• _Provided information_:
____
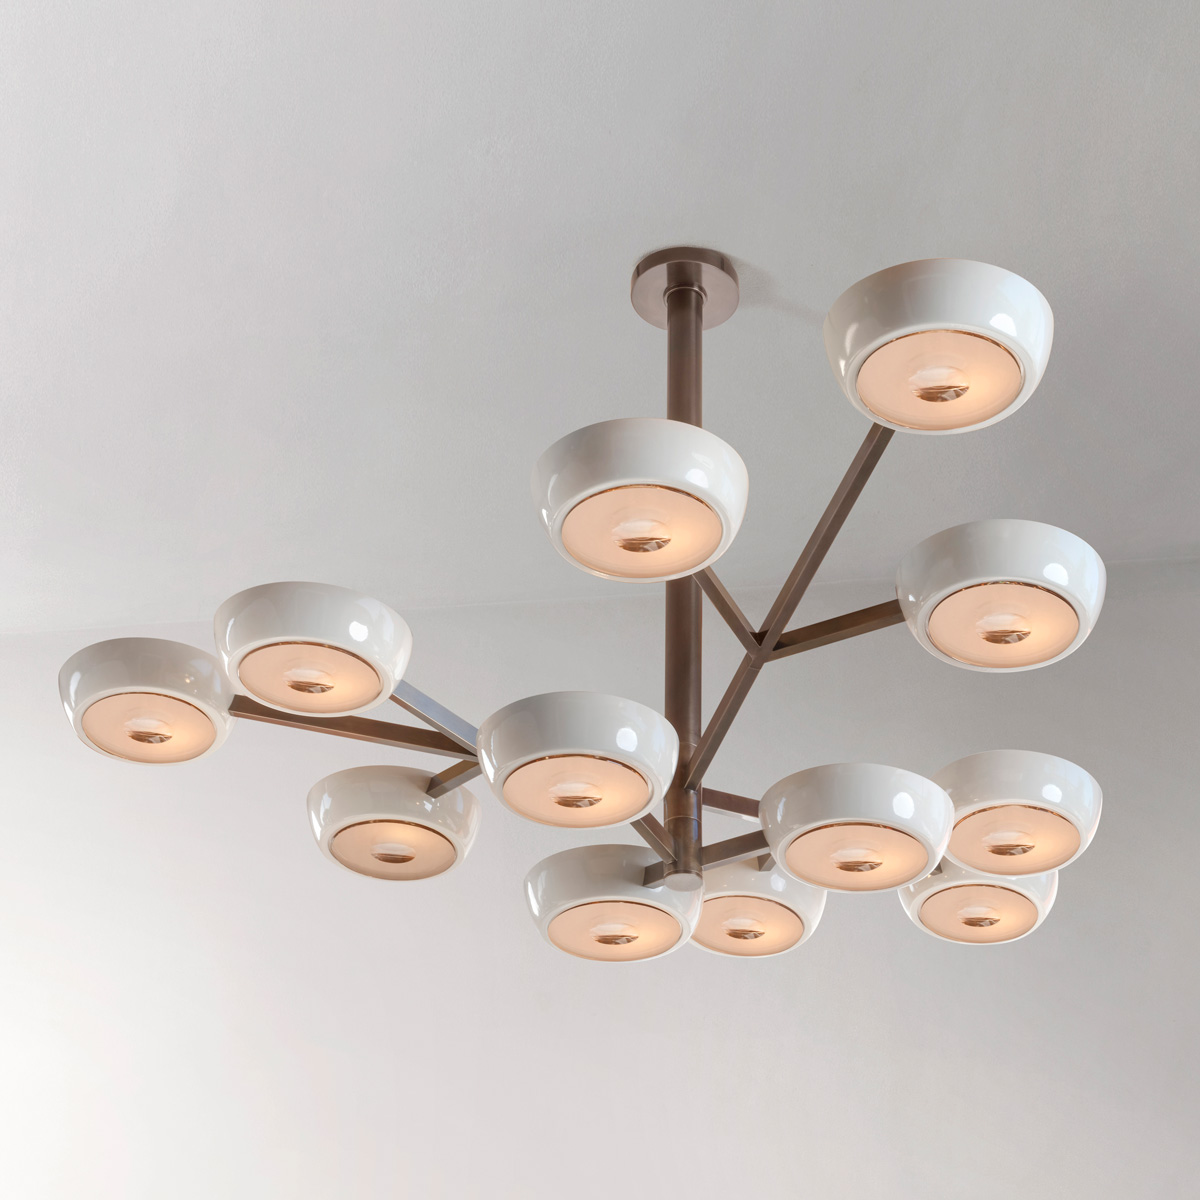 rose grande ceiling light by gaspare asaro
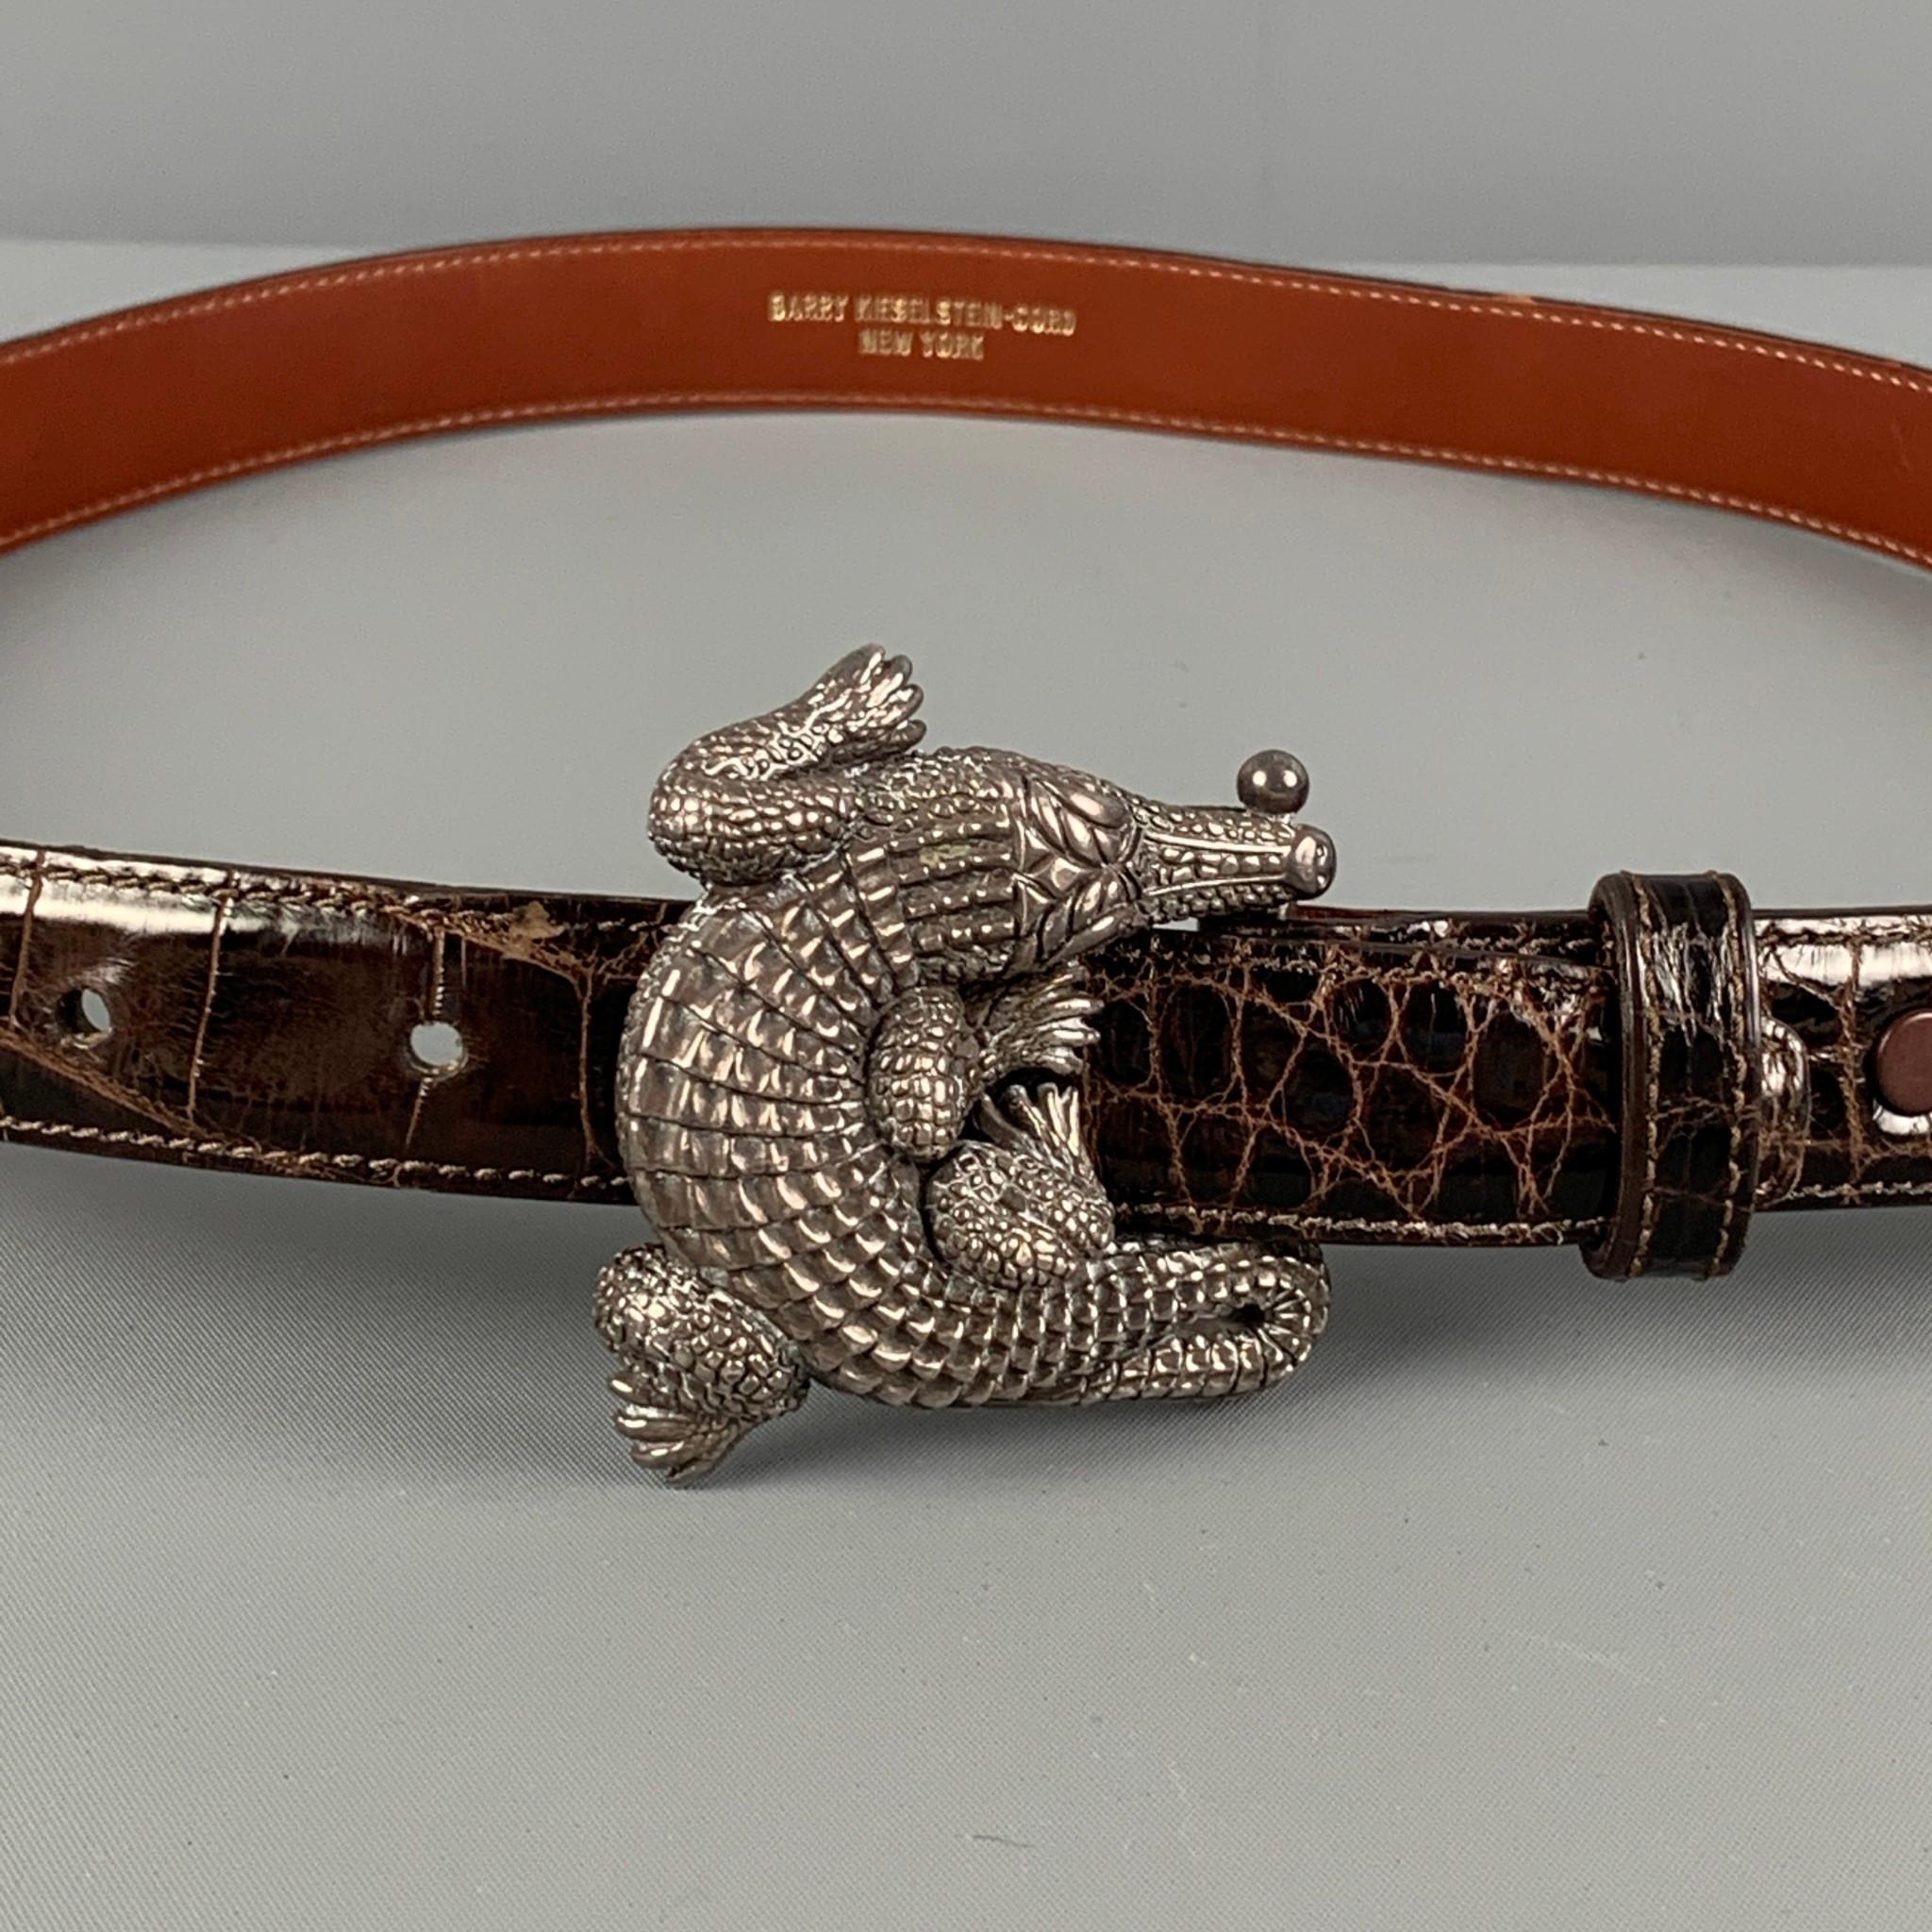 Vintage BARRY KIESELSTEIN-CORD 1995 belt comes in a brown alligator leather featuring a sterling silver alligator buckle. 

Very Good Pre-Owned Condition.
Marked: 2

Length: 35 in.
Width: 0.75 in.
Min Length: 28 in.
Max Length: 32 in.
Buckle Length:
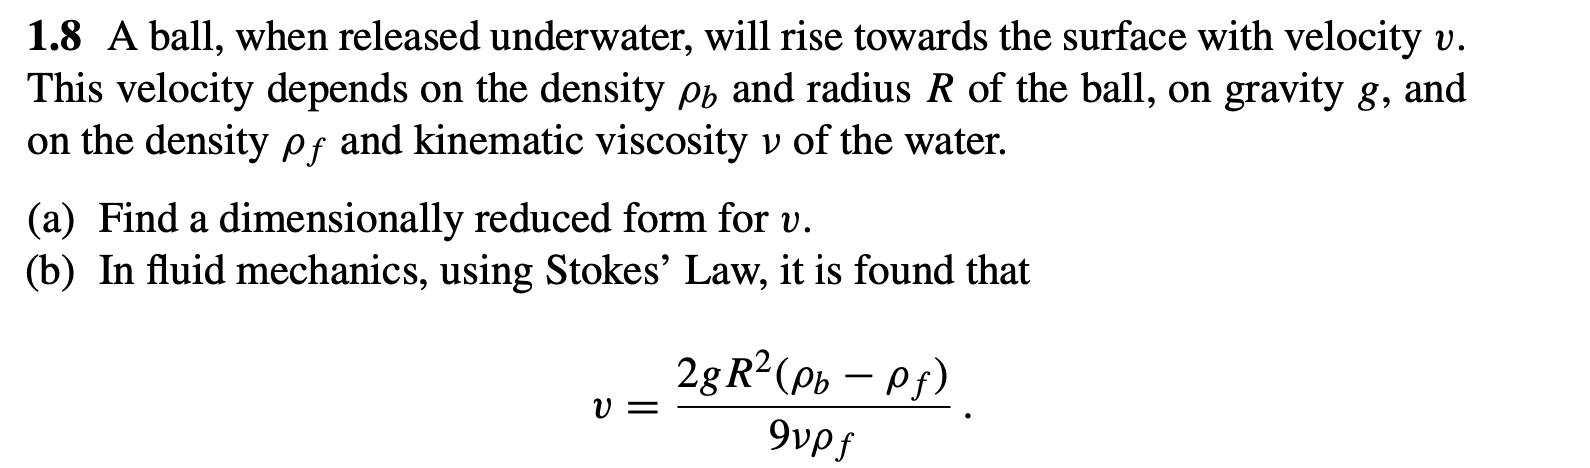 1.8 A ball, when released underwater, will rise towards the surface with velocity v. This velocity depends on
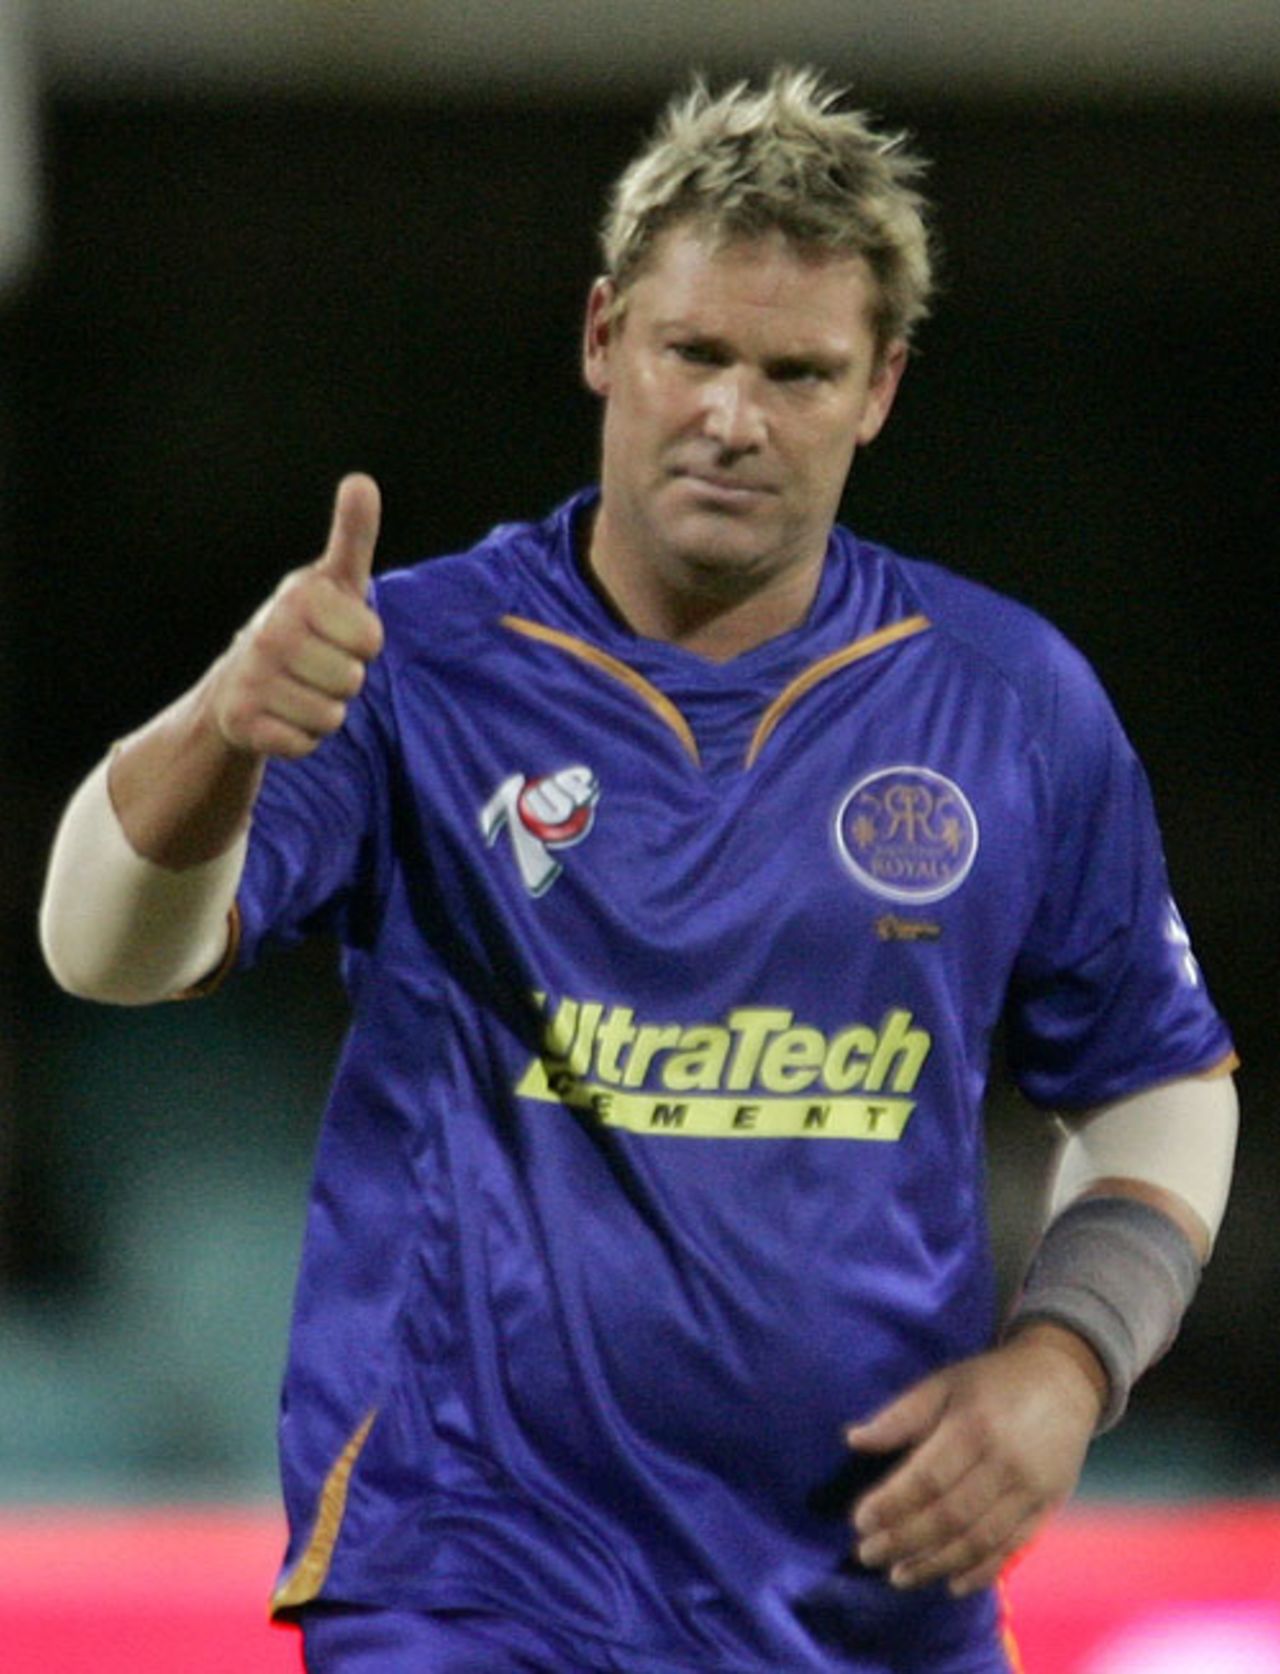 Shane Warne flashes a thumbs-up sign after dismissing Venugopal Rao, Deccan Chargers v Rajasthan Royals, IPL, 40th match, Kimberley, May 11, 2009
____
• _Work request_: Only the lines from the one containing "Max Length: 32 in." through the last line of the data above, both included, belong in the reply, each restated exactly and without pictures.

• _Final answer_:
Max Length: 32 in.
Buckle Length:
 1.8 A ball, when released underwater, will rise towards the surface with velocity v. This velocity depends on
 Shane Warne flashes a thumbs-up sign after dismissing Venugopal Rao, Deccan Chargers v Rajasthan Royals, IPL, 40th match, Kimberley, May 11, 2009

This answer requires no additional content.